:: ACTIVITY ::
Find the line containing "温度控制器 温控器STC-9200图片" in the records below. Copy exactly that line and each one after it, ending at the line containing "Anafase I: los", and nothing more.

[Stored data entries]
::::

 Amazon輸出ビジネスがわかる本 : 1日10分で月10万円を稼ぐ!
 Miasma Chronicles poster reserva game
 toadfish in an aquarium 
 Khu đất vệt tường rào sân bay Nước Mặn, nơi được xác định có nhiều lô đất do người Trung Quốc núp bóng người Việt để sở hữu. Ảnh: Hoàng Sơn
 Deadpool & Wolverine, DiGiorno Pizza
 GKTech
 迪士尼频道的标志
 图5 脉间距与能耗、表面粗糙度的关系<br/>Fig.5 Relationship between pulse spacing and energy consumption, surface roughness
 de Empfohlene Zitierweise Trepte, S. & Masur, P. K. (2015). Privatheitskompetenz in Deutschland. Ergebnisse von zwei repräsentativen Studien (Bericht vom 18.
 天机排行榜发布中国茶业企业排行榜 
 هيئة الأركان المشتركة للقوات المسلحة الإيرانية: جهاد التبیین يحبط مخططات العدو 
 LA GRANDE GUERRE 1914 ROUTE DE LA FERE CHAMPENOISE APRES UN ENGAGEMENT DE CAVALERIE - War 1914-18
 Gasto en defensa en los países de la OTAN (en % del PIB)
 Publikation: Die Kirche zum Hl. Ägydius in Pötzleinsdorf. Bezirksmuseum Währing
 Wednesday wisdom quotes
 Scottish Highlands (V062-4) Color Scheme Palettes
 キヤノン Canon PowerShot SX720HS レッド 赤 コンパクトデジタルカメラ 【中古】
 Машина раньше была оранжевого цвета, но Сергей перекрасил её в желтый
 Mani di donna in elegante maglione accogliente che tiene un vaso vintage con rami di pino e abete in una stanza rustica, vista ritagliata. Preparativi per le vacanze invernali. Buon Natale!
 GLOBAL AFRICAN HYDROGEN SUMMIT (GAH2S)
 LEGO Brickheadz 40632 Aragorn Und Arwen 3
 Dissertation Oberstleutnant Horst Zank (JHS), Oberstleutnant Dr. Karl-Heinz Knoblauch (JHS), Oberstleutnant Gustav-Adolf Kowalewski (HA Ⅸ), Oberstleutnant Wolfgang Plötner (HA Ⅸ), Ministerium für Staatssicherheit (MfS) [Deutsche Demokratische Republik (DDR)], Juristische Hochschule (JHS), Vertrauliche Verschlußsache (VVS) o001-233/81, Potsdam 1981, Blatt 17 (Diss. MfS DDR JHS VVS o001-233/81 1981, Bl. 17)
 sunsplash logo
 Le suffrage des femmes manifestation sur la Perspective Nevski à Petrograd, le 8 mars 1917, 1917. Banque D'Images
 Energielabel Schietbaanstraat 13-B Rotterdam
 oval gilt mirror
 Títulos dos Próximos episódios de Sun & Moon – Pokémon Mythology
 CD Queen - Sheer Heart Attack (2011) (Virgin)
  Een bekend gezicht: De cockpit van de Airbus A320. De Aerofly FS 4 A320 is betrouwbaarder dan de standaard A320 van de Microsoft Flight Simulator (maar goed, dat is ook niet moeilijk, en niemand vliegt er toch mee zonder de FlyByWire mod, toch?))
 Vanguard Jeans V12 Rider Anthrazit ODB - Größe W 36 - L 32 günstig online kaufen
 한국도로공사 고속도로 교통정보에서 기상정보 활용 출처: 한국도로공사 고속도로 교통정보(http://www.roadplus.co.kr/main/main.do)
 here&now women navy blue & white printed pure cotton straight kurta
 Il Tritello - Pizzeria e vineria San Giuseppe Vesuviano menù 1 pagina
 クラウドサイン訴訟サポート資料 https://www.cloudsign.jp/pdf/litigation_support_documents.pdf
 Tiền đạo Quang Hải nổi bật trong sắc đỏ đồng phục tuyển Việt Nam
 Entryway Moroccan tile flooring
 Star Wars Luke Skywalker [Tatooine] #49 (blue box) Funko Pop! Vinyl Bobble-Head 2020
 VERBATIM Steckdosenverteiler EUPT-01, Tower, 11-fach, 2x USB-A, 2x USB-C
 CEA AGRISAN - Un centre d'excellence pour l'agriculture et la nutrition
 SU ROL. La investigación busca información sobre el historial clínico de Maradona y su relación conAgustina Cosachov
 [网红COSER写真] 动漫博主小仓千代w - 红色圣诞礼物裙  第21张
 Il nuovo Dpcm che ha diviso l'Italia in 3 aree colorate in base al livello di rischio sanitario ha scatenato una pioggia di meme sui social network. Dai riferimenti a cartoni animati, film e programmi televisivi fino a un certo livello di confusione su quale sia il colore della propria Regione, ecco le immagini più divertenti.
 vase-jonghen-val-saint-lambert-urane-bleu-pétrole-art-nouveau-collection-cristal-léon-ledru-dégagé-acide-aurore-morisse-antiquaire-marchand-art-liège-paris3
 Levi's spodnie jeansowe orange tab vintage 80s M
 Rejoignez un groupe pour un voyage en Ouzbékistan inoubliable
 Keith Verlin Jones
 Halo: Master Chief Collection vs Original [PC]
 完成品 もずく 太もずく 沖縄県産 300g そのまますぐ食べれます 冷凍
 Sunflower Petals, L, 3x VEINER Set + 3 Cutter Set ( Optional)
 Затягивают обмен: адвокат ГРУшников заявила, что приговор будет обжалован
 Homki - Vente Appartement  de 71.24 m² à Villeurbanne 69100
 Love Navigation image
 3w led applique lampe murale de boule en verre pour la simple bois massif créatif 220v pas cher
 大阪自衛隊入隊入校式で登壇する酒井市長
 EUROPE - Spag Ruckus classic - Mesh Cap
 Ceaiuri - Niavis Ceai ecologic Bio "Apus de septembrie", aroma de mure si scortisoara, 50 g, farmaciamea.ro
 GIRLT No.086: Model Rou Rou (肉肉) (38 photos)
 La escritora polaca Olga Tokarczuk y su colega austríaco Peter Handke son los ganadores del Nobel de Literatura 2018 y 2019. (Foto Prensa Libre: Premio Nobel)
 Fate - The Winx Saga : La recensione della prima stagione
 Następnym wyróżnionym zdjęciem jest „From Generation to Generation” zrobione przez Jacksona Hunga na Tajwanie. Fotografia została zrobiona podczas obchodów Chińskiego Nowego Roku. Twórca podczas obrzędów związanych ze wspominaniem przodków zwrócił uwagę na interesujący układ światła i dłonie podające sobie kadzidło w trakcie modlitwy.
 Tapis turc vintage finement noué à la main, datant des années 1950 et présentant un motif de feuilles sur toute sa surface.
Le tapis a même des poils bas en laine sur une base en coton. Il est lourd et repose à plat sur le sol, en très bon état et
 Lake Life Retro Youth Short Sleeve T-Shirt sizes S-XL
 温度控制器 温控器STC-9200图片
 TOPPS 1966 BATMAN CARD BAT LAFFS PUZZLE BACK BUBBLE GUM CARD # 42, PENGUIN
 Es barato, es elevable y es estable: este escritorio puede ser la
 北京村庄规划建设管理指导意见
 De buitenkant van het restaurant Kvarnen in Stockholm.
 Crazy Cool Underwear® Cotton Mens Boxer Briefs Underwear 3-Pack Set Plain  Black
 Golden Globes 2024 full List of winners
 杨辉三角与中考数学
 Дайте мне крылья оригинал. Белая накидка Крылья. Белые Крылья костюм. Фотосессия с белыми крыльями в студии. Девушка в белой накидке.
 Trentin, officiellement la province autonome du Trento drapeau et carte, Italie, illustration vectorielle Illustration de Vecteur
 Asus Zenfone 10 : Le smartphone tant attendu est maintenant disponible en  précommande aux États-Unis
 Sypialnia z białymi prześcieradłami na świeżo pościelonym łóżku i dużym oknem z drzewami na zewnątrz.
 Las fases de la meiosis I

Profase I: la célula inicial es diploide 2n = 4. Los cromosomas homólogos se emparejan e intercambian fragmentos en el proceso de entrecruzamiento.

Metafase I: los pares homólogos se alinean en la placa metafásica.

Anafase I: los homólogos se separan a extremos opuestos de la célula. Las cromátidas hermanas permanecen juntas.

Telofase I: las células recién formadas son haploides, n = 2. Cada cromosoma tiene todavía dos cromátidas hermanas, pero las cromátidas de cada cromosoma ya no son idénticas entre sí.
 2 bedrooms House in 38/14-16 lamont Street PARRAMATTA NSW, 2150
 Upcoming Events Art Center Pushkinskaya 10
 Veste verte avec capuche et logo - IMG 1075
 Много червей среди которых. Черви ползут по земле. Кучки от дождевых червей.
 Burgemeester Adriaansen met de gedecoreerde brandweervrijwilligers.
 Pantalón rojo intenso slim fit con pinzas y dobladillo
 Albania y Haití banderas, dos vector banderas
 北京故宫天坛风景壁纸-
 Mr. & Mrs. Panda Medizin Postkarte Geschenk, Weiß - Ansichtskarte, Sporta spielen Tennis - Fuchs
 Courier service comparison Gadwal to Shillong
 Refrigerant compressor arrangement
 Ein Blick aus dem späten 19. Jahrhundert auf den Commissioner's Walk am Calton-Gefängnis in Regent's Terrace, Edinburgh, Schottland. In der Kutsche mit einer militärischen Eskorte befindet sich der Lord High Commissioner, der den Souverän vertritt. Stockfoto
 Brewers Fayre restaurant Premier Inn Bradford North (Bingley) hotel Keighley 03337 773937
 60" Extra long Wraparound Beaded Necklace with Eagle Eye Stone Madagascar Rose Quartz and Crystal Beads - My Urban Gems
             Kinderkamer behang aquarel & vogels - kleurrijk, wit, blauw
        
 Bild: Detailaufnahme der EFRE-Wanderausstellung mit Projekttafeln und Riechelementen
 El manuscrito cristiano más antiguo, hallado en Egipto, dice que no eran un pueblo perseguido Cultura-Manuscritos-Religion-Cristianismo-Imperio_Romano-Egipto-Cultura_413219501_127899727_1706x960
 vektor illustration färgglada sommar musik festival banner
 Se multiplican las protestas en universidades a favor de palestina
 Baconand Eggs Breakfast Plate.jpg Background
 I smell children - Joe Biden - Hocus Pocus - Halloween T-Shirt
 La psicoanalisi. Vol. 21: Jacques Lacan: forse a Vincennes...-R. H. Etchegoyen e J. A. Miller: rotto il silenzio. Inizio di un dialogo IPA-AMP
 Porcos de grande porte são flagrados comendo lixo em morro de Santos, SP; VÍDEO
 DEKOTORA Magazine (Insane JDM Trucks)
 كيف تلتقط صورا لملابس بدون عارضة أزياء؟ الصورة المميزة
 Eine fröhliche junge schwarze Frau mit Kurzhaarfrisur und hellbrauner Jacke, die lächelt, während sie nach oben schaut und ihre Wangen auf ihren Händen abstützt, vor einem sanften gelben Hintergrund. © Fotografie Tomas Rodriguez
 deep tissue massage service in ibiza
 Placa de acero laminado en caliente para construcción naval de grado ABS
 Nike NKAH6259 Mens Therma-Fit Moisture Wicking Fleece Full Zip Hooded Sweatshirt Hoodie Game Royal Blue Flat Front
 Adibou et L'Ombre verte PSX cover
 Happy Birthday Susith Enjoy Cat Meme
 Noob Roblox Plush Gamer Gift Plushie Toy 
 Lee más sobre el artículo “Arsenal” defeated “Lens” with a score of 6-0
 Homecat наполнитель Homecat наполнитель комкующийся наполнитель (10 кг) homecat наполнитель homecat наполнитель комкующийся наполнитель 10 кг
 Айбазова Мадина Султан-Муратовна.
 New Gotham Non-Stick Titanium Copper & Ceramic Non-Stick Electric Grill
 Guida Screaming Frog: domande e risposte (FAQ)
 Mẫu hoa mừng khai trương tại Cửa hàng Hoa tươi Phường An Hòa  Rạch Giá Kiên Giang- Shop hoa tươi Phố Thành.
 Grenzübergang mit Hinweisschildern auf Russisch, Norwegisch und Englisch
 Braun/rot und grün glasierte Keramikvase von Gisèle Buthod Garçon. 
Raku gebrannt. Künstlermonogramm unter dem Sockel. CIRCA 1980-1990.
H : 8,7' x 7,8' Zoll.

::::

:: EXERCISE RESULT ::
 温度控制器 温控器STC-9200图片
 TOPPS 1966 BATMAN CARD BAT LAFFS PUZZLE BACK BUBBLE GUM CARD # 42, PENGUIN
 Es barato, es elevable y es estable: este escritorio puede ser la
 北京村庄规划建设管理指导意见
 De buitenkant van het restaurant Kvarnen in Stockholm.
 Crazy Cool Underwear® Cotton Mens Boxer Briefs Underwear 3-Pack Set Plain  Black
 Golden Globes 2024 full List of winners
 杨辉三角与中考数学
 Дайте мне крылья оригинал. Белая накидка Крылья. Белые Крылья костюм. Фотосессия с белыми крыльями в студии. Девушка в белой накидке.
 Trentin, officiellement la province autonome du Trento drapeau et carte, Italie, illustration vectorielle Illustration de Vecteur
 Asus Zenfone 10 : Le smartphone tant attendu est maintenant disponible en  précommande aux États-Unis
 Sypialnia z białymi prześcieradłami na świeżo pościelonym łóżku i dużym oknem z drzewami na zewnątrz.
 Las fases de la meiosis I

Profase I: la célula inicial es diploide 2n = 4. Los cromosomas homólogos se emparejan e intercambian fragmentos en el proceso de entrecruzamiento.

Metafase I: los pares homólogos se alinean en la placa metafásica.

Anafase I: los homólogos se separan a extremos opuestos de la célula. Las cromátidas hermanas permanecen juntas.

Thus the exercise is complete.